Monday, July 10, 2017

Order of the Coif

when the moon hits your eye like a big pizza pie

Robert Bierman insists New York City's congested skyline contributes as much an atmosphere of corrupted Gothic in the 1989 Vampire's Kiss, given his opening pan of the Big Apple's skyline, the dome of the Empire State building glistening with golden portents, as does Transylvania in Stoker's original horror story of subservience to evil's insatiable appetite. In the most reducible terms, this is vampirism, its enslaved withering before an all consuming gluttony which can only be triumphed over by the life force of sunlight and the power of faith to flare against it, recycling old atavistic animism like a forest fire, upon which we've layer innumerable interpretations   Despite the fact that in some ways it is a better extended metaphor than its younger cousin, Wolf, the dowager never particularly liked the film, not necessarily due to what Cage has to shoulder. He does well enough, after his more ebullient gambit with Cher, evoking the melodramatic gestures of Max Schreck for ironic gratification, but what Bierman seems to aim for in suggesting that humanity's most efficient ecological environment, the metropolis, creates its own graphic malevolence, just as the vast space of the west does in expertly paced thrillers like Breakdown, with Kurt Russell, is belied by the fact that his ensemble cast function like fashion accessories, against which Loew slowly loses his smooth, wearied of being rolled in aesthetic refinement, as if it was analogous to a lifelong coating of garlic powder. There are a few really interesting scenes, capture shots, which, with a little more verve and daring, Bierman might have done a homage to The Day of the Locust, with New Yorker's actually turning against our celebrity thoroughbreds, intrepid matinee idols like Cage, when he's running out of the nightclub, taunted. Staying with that might have given the narrative juxtaposition greater impact. What drew me into a third viewing, however, wasn't Elizabeth Ashley's prima donna superficiality, more exaggerated as the delusion and irritability grow more insulating, or the made for television appearance, so much as the city's nearly sinister innocence twenty years before Osama's operatives created their indelible image of civilization and its discontents.

Is it a no life factor? Possibly, but it may also be that I live in Pennsylvania, and knew people who witnessed the downing of flight 93, and also lived in Manhattan before Giuliani, a correspondence to what Nicholas and Bierman are conveying in my citation. I was irrevocably altered by the great blow of 9/11, without, however, deriving any sacrament from the great piss hole of NGO's, Kabul, and GW's stupid war of misdirection in Iraq.
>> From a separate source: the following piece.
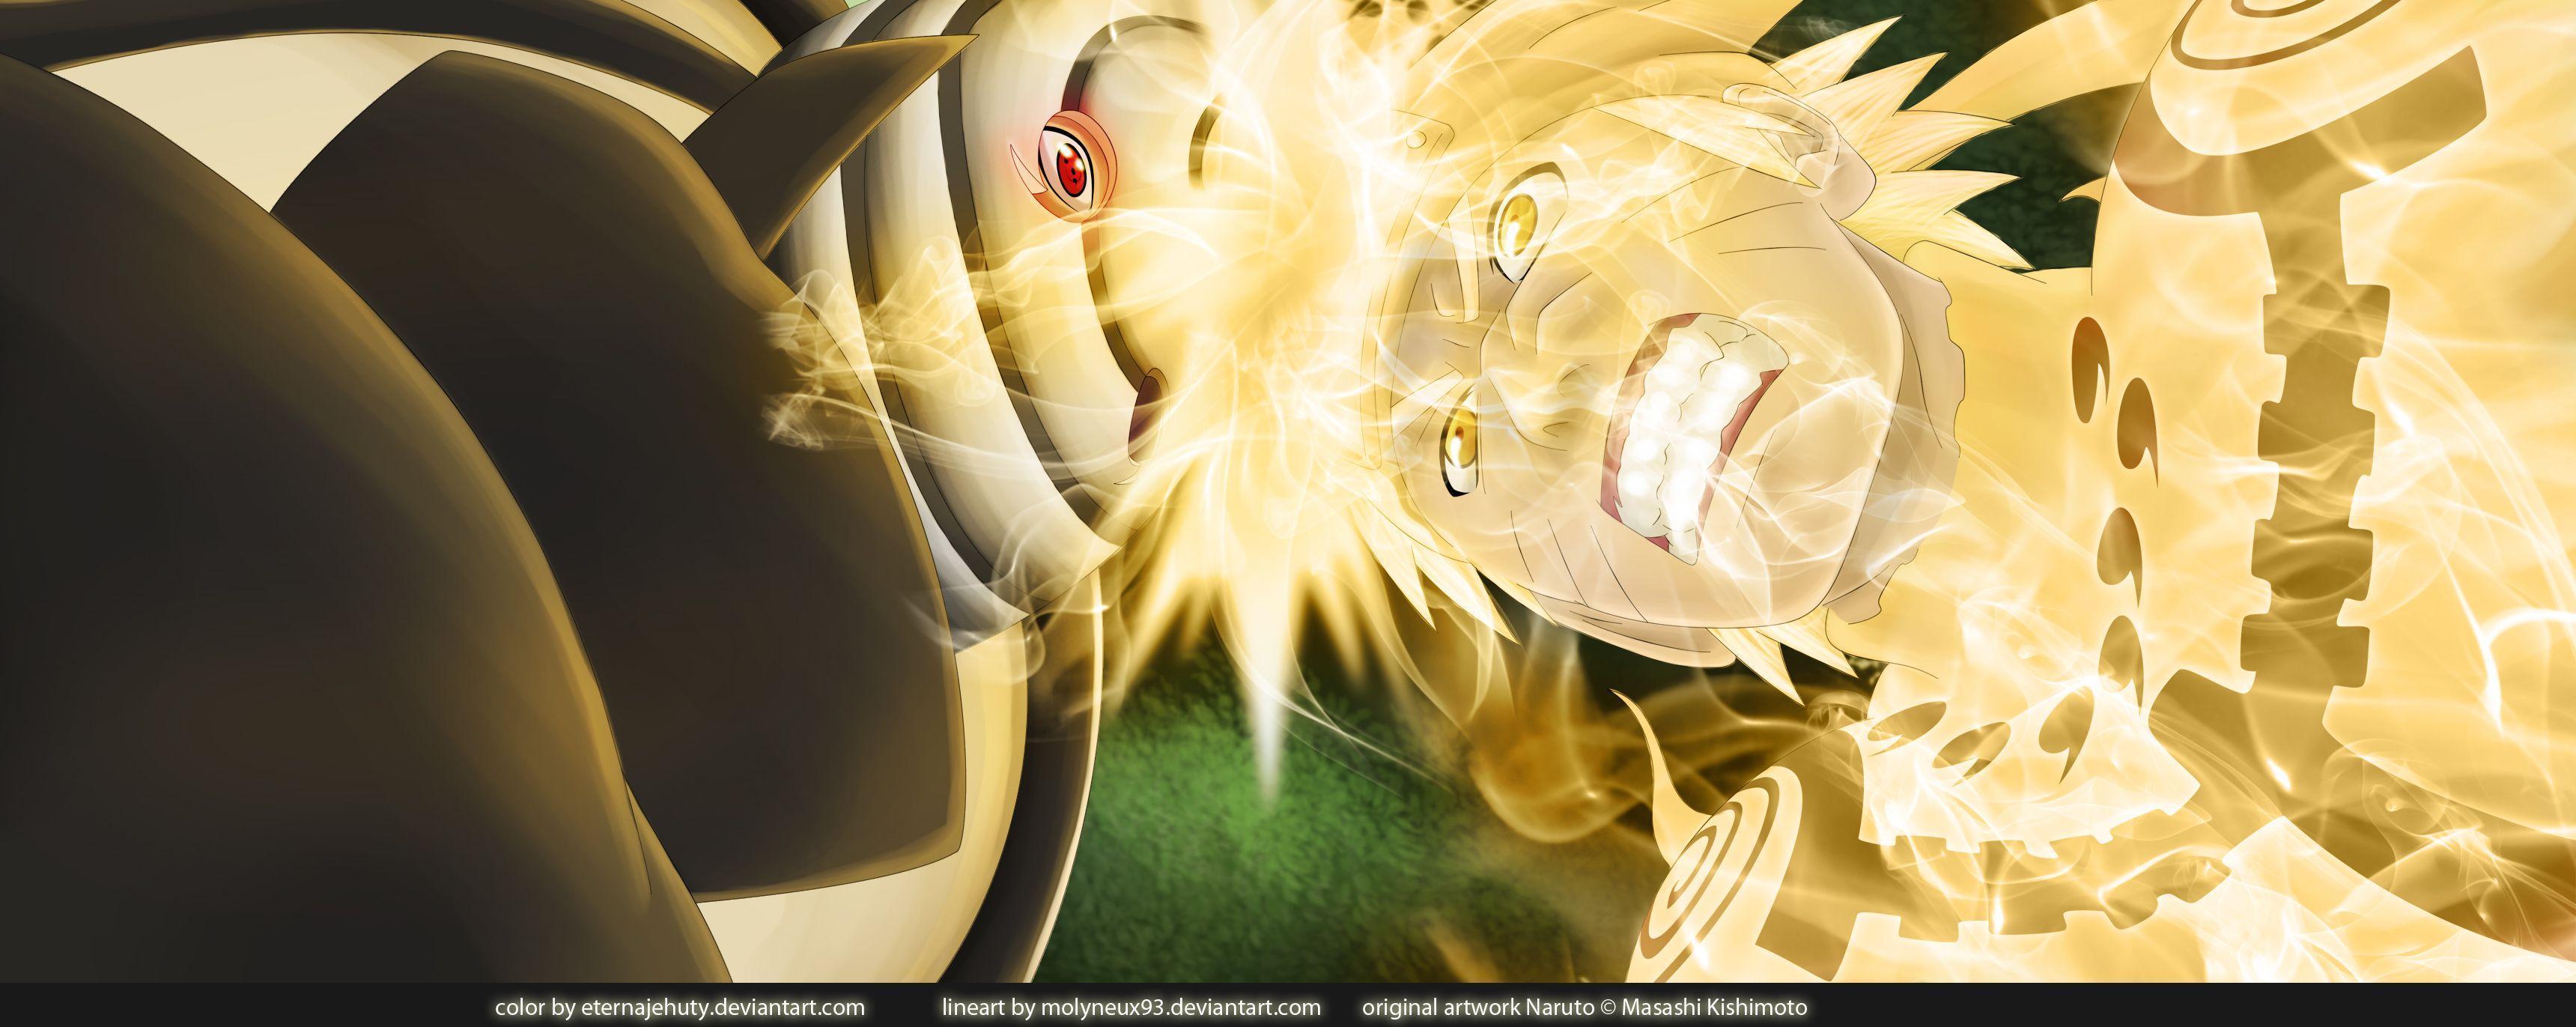 Naruto VS Madara HD Wallpaper 1080p. Anime Wallpaper

Saddam had nothing to do with Saudi Arabia's disreputable passing the buck of Hadi extremism, while the EU just sits and takes it. If we do go to war, eventually, we need a really defined objective, even if the Middle East and parts of Africa get redrawn. Bill Maher too was impacted in the aftermath. As a challenging observer to manners of reserve, he once stated, on air, that nothing had changed in the aftermath of this country's greatest shock. He is right in the sense we're still a shallow, material world, too glib in some ways, like Bierman's gilded script, with how many other dead alives waiting around to provoke their own ludicrous cessation. It would be overreach to assert Vampire's Kiss is a predicate illustrative of why the agrarian mindset recoils from meta-cities, but simply reading what Bierman does with exteriors, you can see with the Taliban's eyes why Semitic bedouins hate our hedonism. We answered with the ultimate embodiment of  "this is New York," as Trump's election attests. 

Searching for a link, Google suggested flight to avoid apprehension. If they wanted to amuse me, rare as that is, they succeeded.